Il sentit une des mains de Castiel passer sous son t-shirt alors qu'il tirait dessus. Dean se raidit légèrement, incapable de s'empêcher cette réaction, et aussitôt, Castiel dit, « Ce sera plus simple comme ça. » Les mots avaient été dit si près de son oreille, le souffle chaud de l'ange frôlant sa peau si tendrement, qu'il fallut toutes ses forces à Dean pour ne pas se retourner et l'embrasser comme il avait pu le faire plus tôt. Il était incapable de répondre, parce que ses poumons arrivaient à peine à se rappeler comment respirer, et Castiel semblait ne pas vouloir faire un seul geste sans son accord, alors il saisit lui-même les bords de son t-shirt pour l'enlever, laissant son dos nu exposé à son ami.

Les mains chaudes de Castiel pressèrent leur chemin le long de sa colonne vertébrale alors qu'elles remontaient sur ses épaules, puis reprirent leur massage. Dean pencha la tête en avant en se mordant la lèvre inférieure pour ne pas soupirer de plaisir. Il se demanda vaguement où est-ce que son ami avait appris à faire ça, mais il avait depuis bien longtemps compris que Castiel pouvait apprendre et maitriser quelque chose avec un rapidité étonnante, simplement en ayant observé une ou deux fois, et il devait certainement se souvenir parfaitement des gestes que Dean avait eu pour lui.

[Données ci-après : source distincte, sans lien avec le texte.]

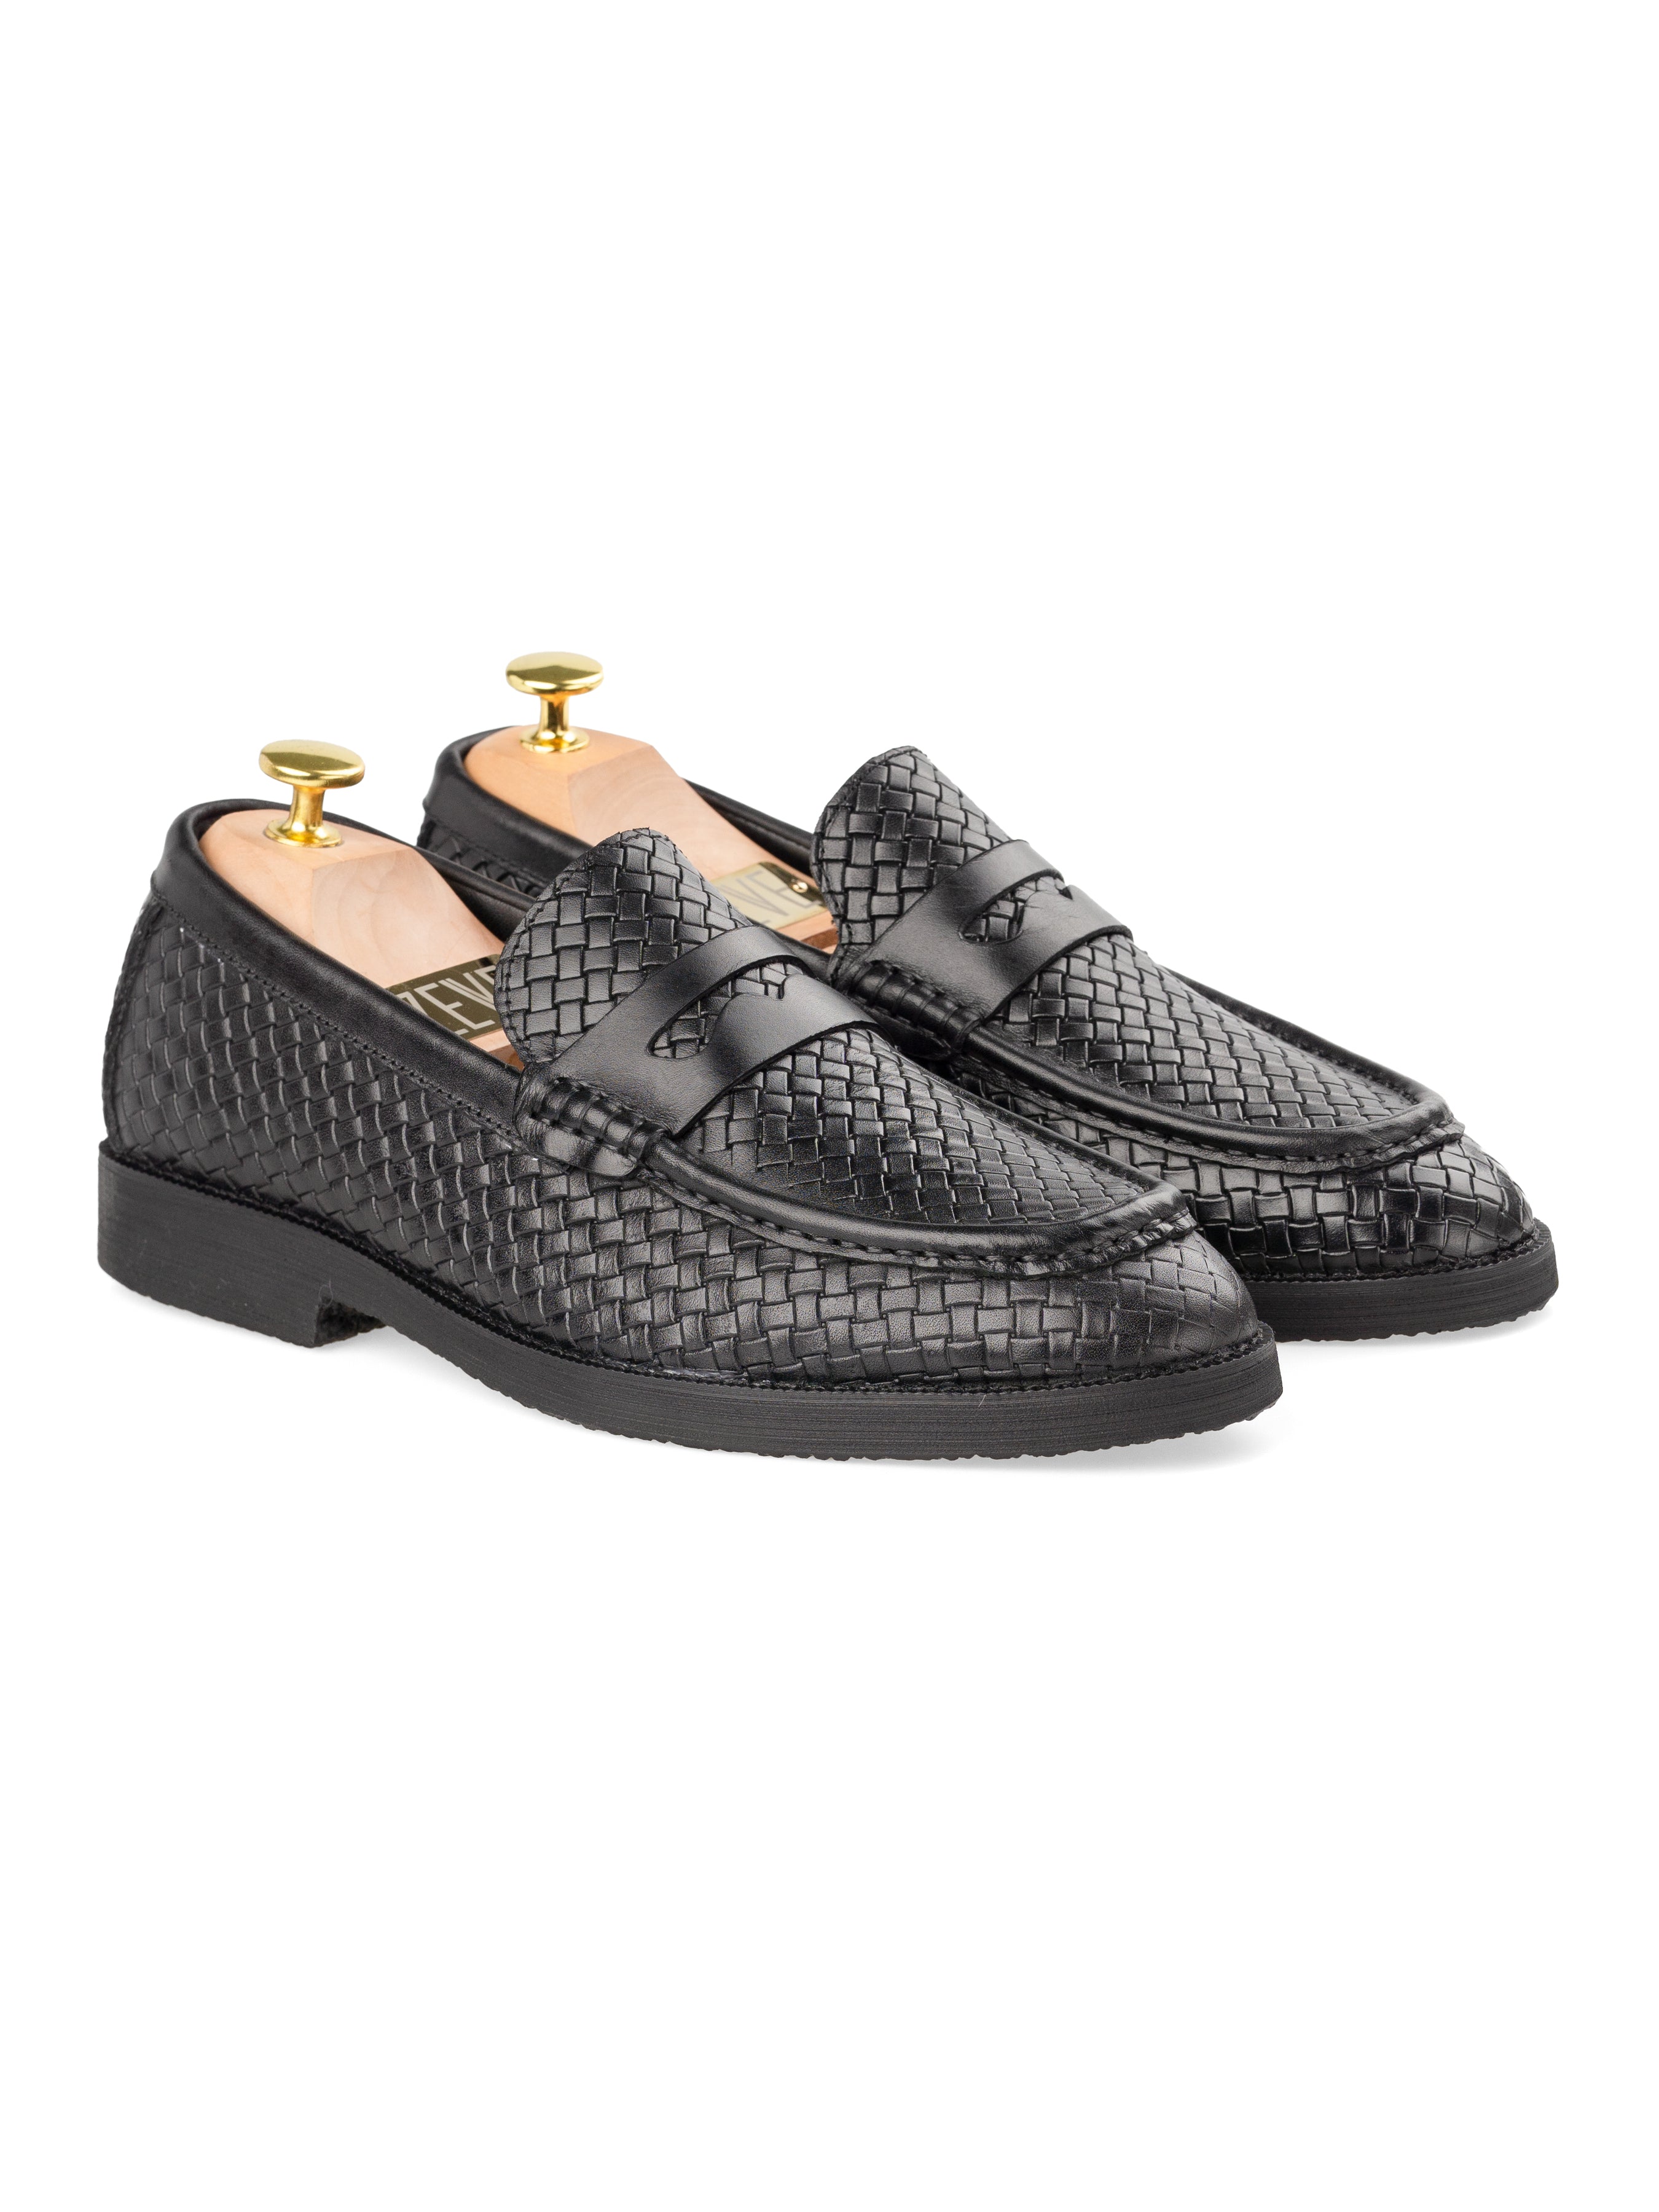 Penny Moccasin Loafer - Black Woven Leather (Crepe Sole)

Il sentait la tension quitter ses muscles, et celle-ci ne revint pas même lorsque les lèvres de Castiel effleurèrent la peau de sa nuque avant de se presser à la base de ses cheveux. Instinctivement, il se pencha légèrement en arrière. Les mains de l'ange glissèrent du haut de ses épaules jusque sur ses avant-bras, puis ses doigts allèrent frôler son torse. Lorsque ses paumes s'y posèrent à plat, une sur son ventre et l'autre sur sa poitrine, les doigts écartés comme s'ils voulaient sentir le maximum de surface, le corps de Castiel se rapprocha de celui de Dean, son torse toujours habillé posé contre le dos nu, un genou replié passé de chaque côté de l'homme. Dean bascula sa tête en arrière et la posa sur l'épaule de son ami, celui-ci en profitant pour embrasser son cou tout en caressant sa peau.

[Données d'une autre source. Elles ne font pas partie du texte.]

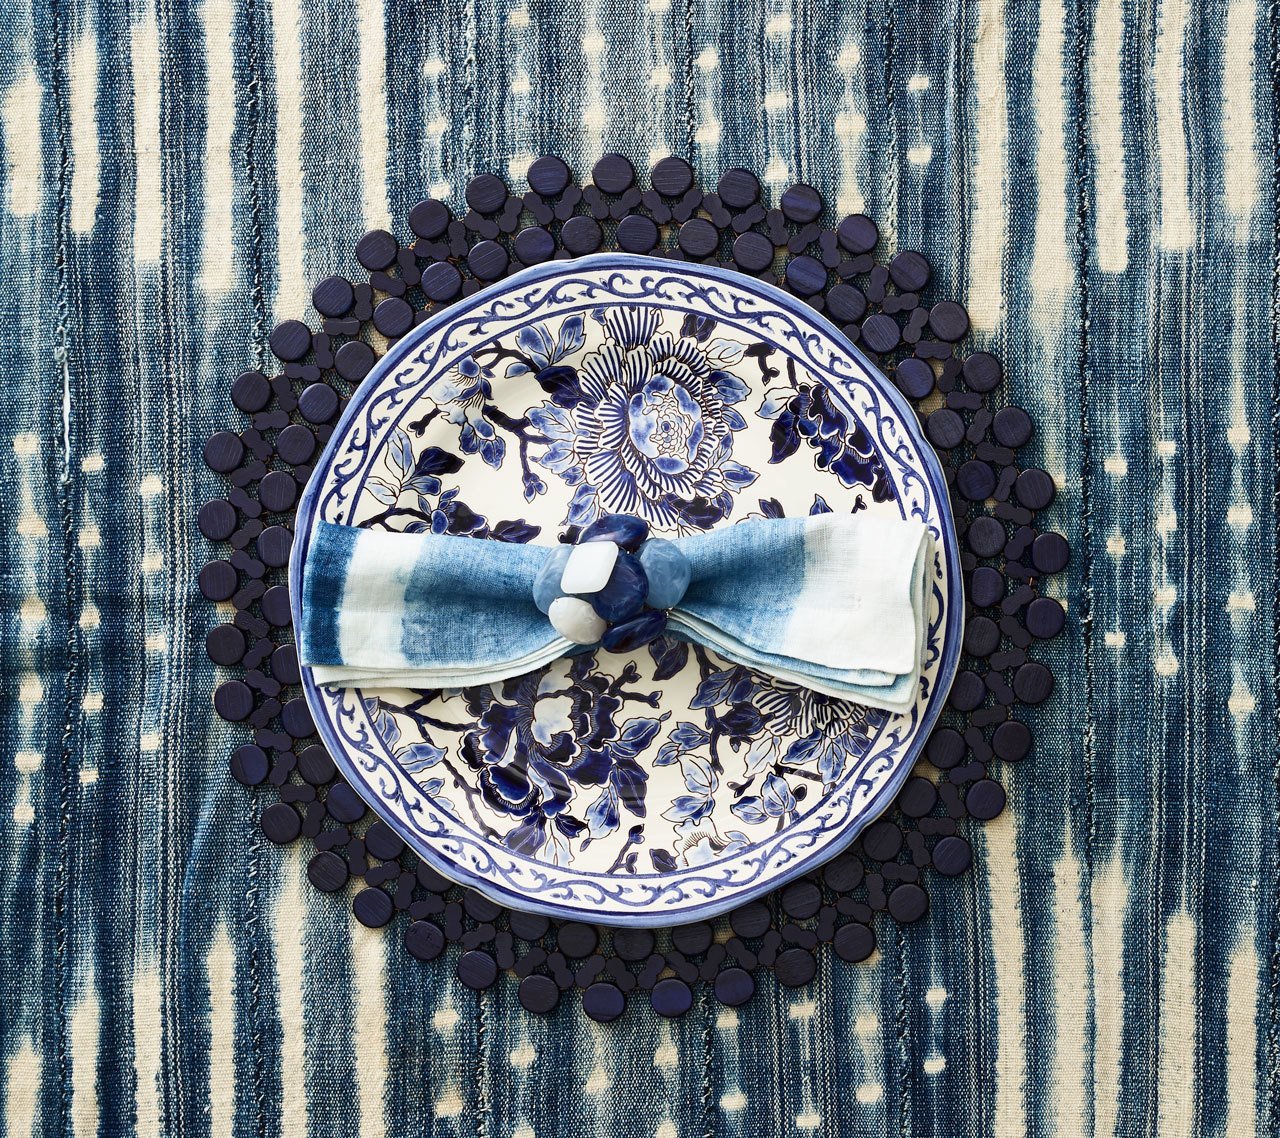 Round Bamboo Placemat in navy blue underneath a patterned plate and linen napkin of similar colors

Sa peau était en ébullition, mais il apprécia quand même les douces ailes chaudes qui s'enroulèrent plus proche autour de leur corps. Il ouvrit les yeux sur cette tempête sombre, et il leva une main pour la passer à travers les plumes soyeuses. Il sentit Castiel frémir contre lui, et leva sa deuxième main pour faire de même. Après quelques instants, les mains de l'ange descendirent plus bas sur son ventre, puis encore plus bas, s'immisçant entre sa peau et son pantalon. Lorsqu'elles atteignirent leur objectif, Dean gémit et agrippa sans y penser les plumes qu'il lissait, tirant légèrement, et Castiel émit un son rauque venu du fond de sa gorge.

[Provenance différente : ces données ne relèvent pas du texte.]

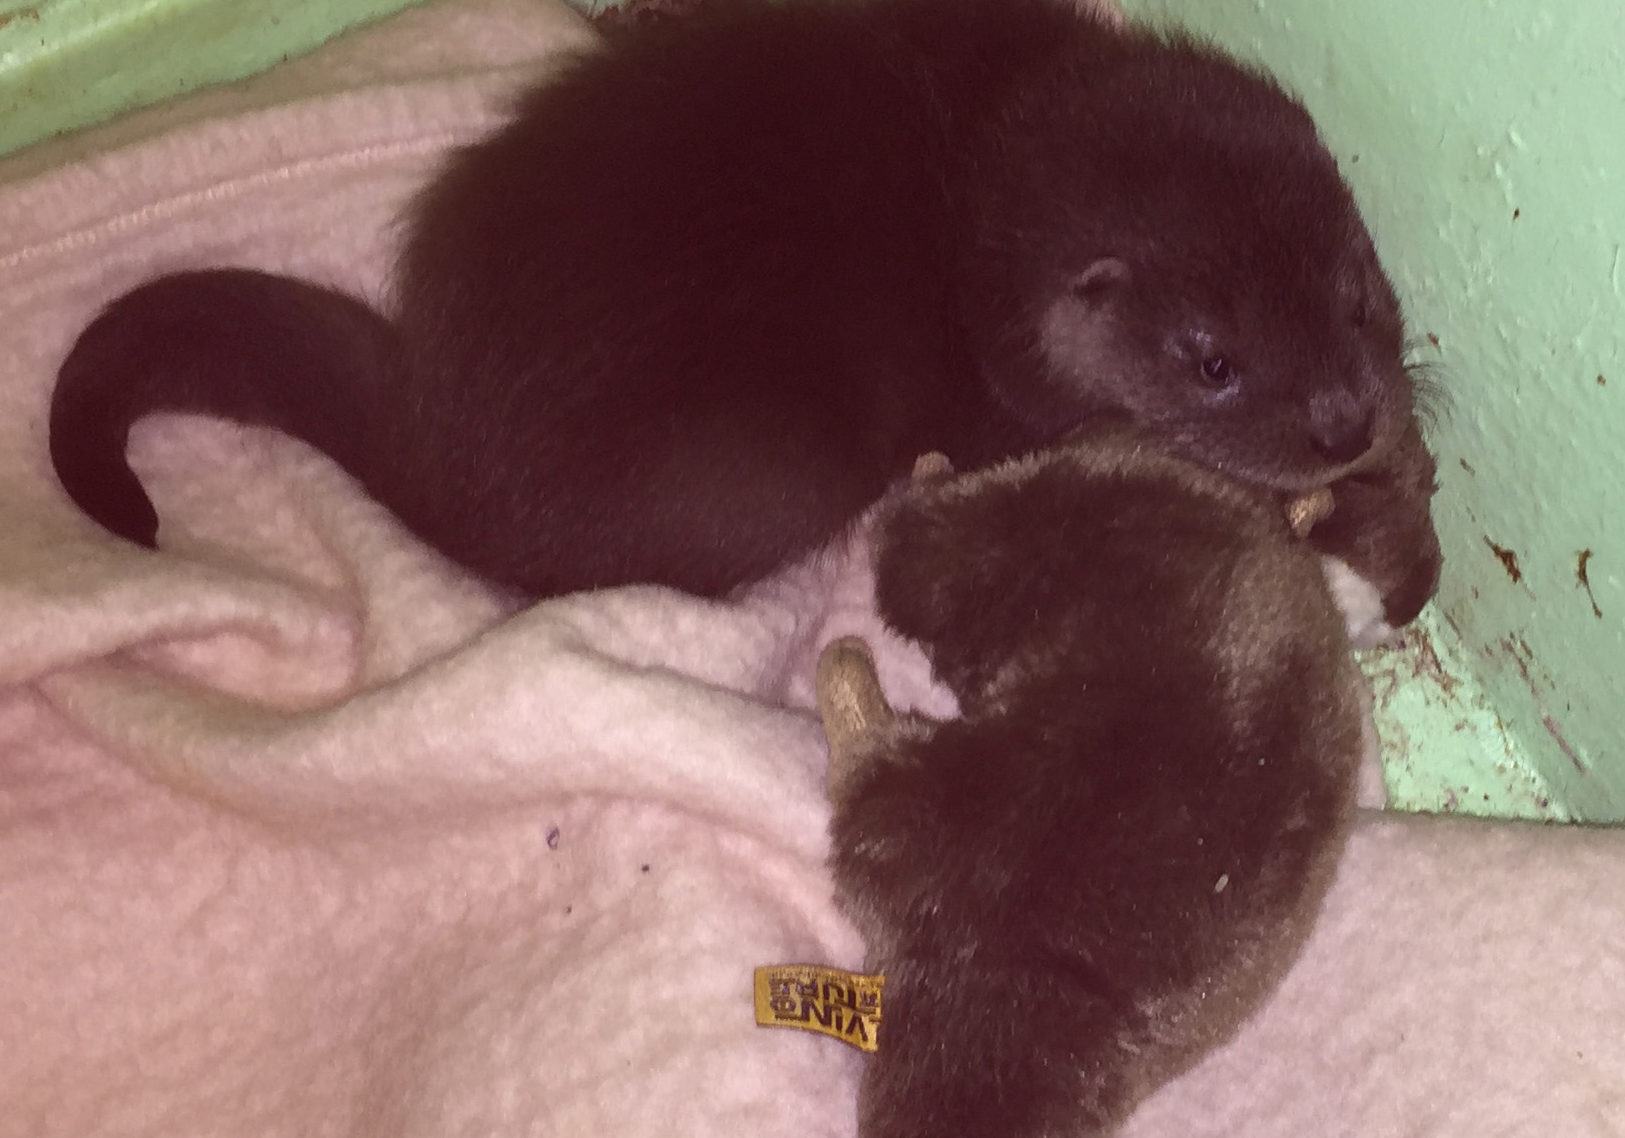 The otter cub was discovered by Paul and Grace Yoxon of the International Otter Survival Fund (IOSF)

« Désolé, » murmura Dean à bout de souffle, craignant un instant de lui avoir fait mal, mais pour toute réponse l'ange aspira la peau de son cou entre deux baisers, et frotta doucement son entre-jambe à travers une fine couche de tissus. Il gémit à nouveau, même s'il tentait d'étouffer le son en mordant sa lèvre. Castiel se redressa légèrement, sortant sa main du pantalon de Dean, et celui-ci crut un instant que l'ange allait s'enfuir, alors il saisit, plus doucement qu'avant mais tout de même fermement, les ailes sous ses doigts, « S'il te plait, continue, » demanda-t-il, la voix proche d'une supplication.

Castiel expira un rire doux, adorablement doux, avant d'embrasser à nouveau le cou de Dean, mais s'occupant cette fois du côté gauche de sa gorge, alors que ses mains s'occupaient à ouvrir la fermeture du jean. Dean pouvait sentir combien il était dur alors que les doigts de Castiel s'enroulaient autour de lui, et il ne put retenir le son rauque qui s'échappa de sa gorge – il n'était même pas certain de vouloir le retenir. La main de l'ange allait et venait, et il ne pouvait empêcher ses hanches de donner de petits coups en avant pour accélérer la cadence.

Il posa sa main sur le poignet de Castiel, car celui-ci n'allait pas assez vite et qu'il allait en devenir fou. « Tu veux que j'arrête ? » chuchota l'ange à son oreille.

« Tu plaisantes ? » demanda-t-il le soufle court, alors qu'il l'encouragea à accélérer. A nouveau, Castiel rit doucement dans son cou. Dean gémit, peut-être trop fort, peut-être trop souvent. Il étira son cou en arrière, sa bouche entre-ouverte proche de l'oreille de Castiel, y soupirant directement son plaisir. Il embrassa le lobe de son oreille avant de le prendre entre ses dents, le mordillant alors qu'une de ses mains avait ressenti le besoin d'agripper la cuisse de Castiel, l'autre se contractant dans l'une des ailes sombres.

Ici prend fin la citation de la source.